__The task__
Return all the data exactly, keeping the pictures out.

====== Data excerpt ======

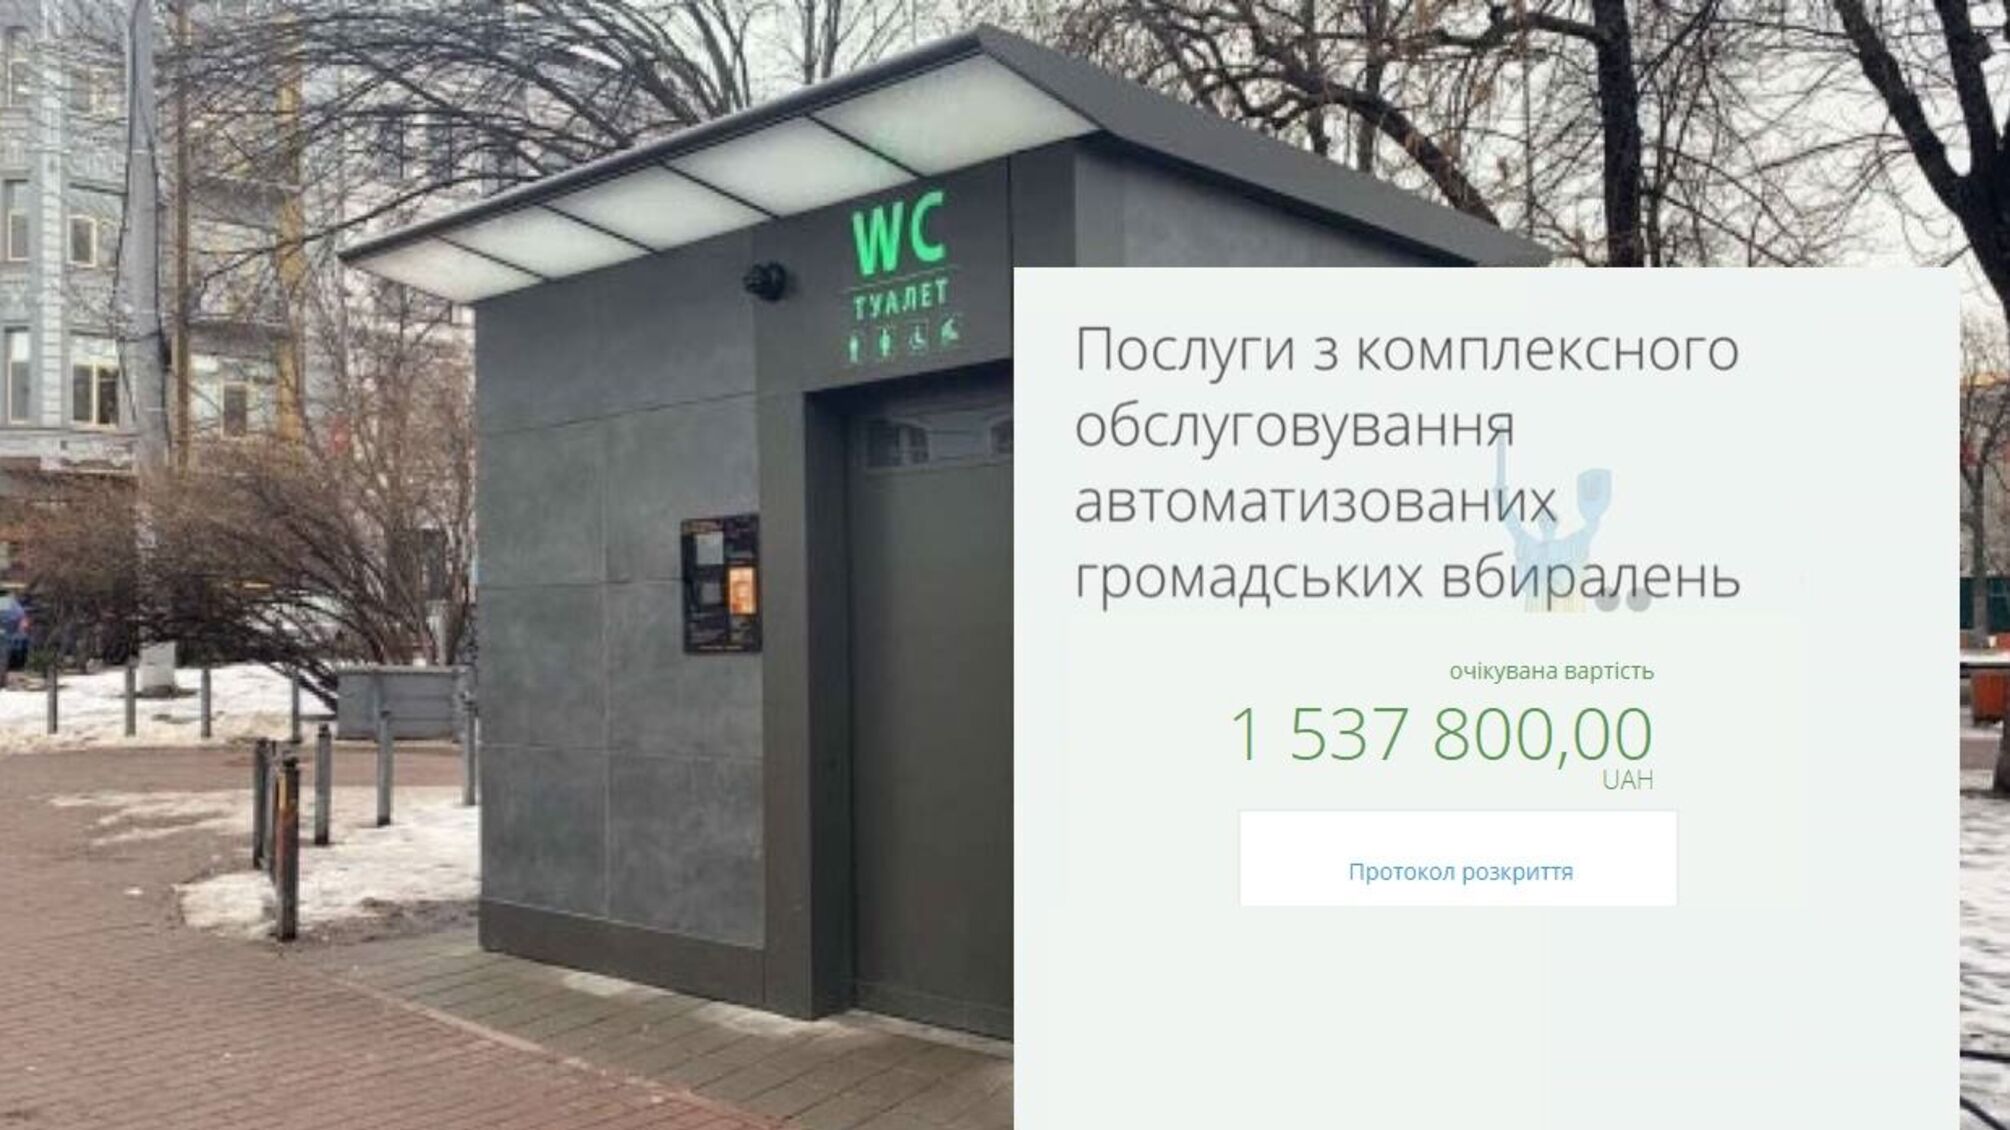 Киев хочет 'спустить на унитазы' 1,5 миллиона гривен
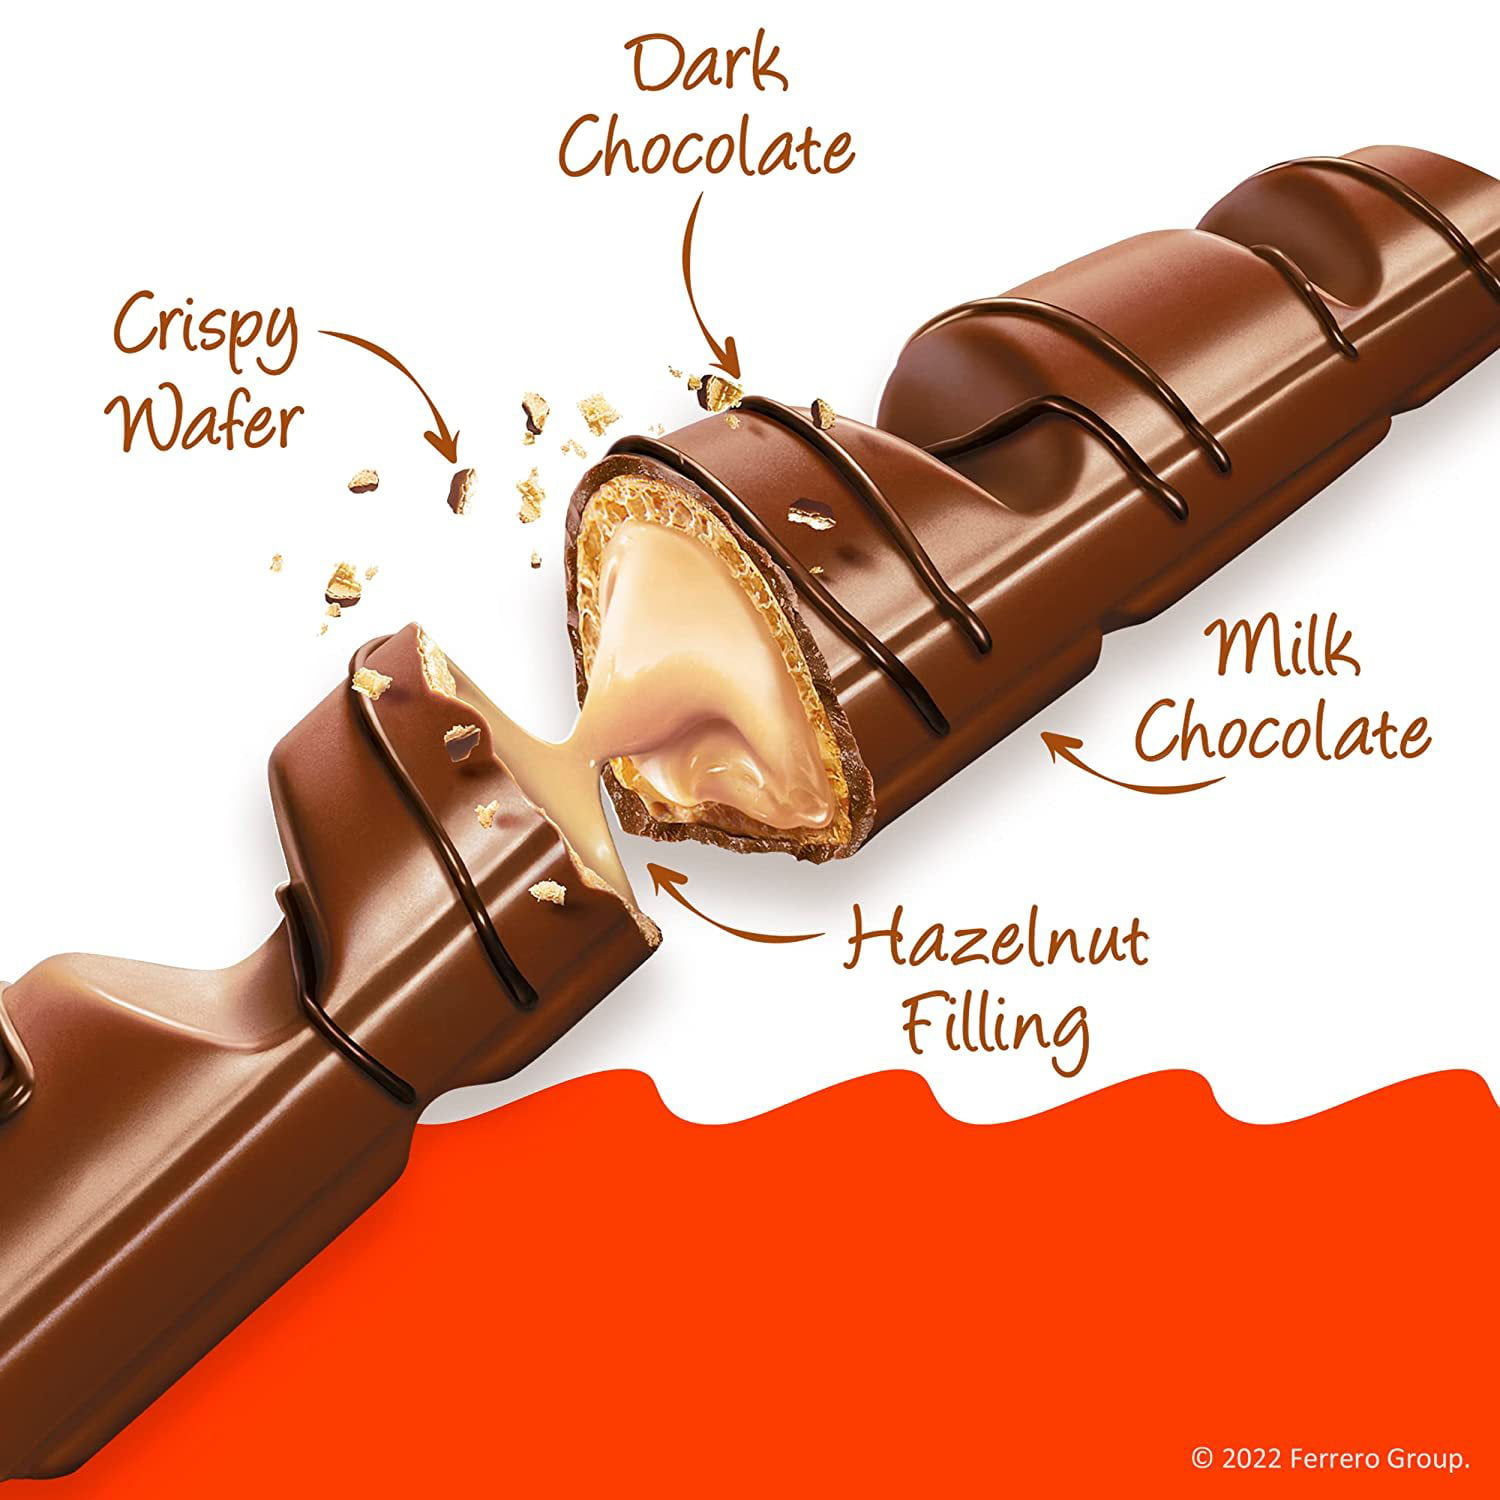 12 Packs Kinder Bueno Milk Chocolate Hazelnut — 18.20 oz 516 g
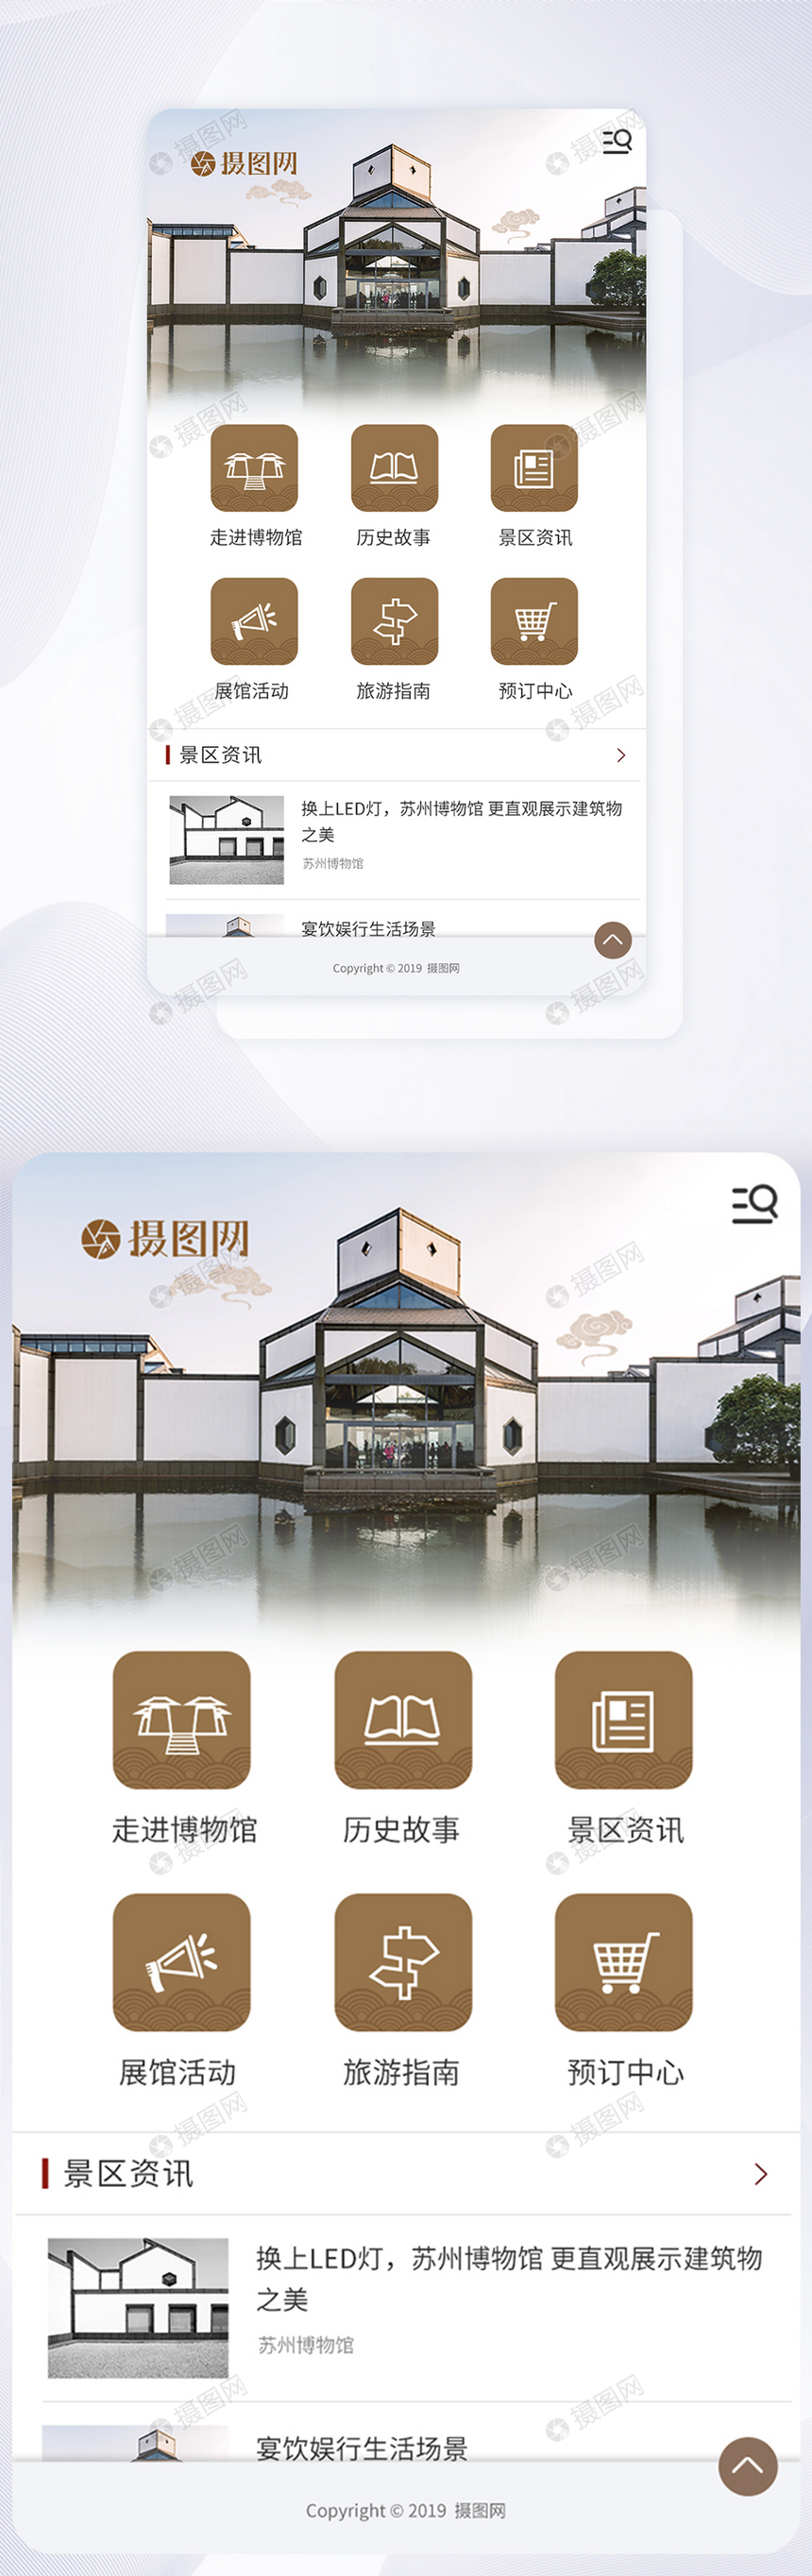 UI设计博物馆app首页界面图片

======

__Written response__
 Киев хочет 'спустить на унитазы' 1,5 миллиона гривен
 12 Packs Kinder Bueno Milk Chocolate Hazelnut — 18.20 oz 516 g
 UI设计博物馆app首页界面图片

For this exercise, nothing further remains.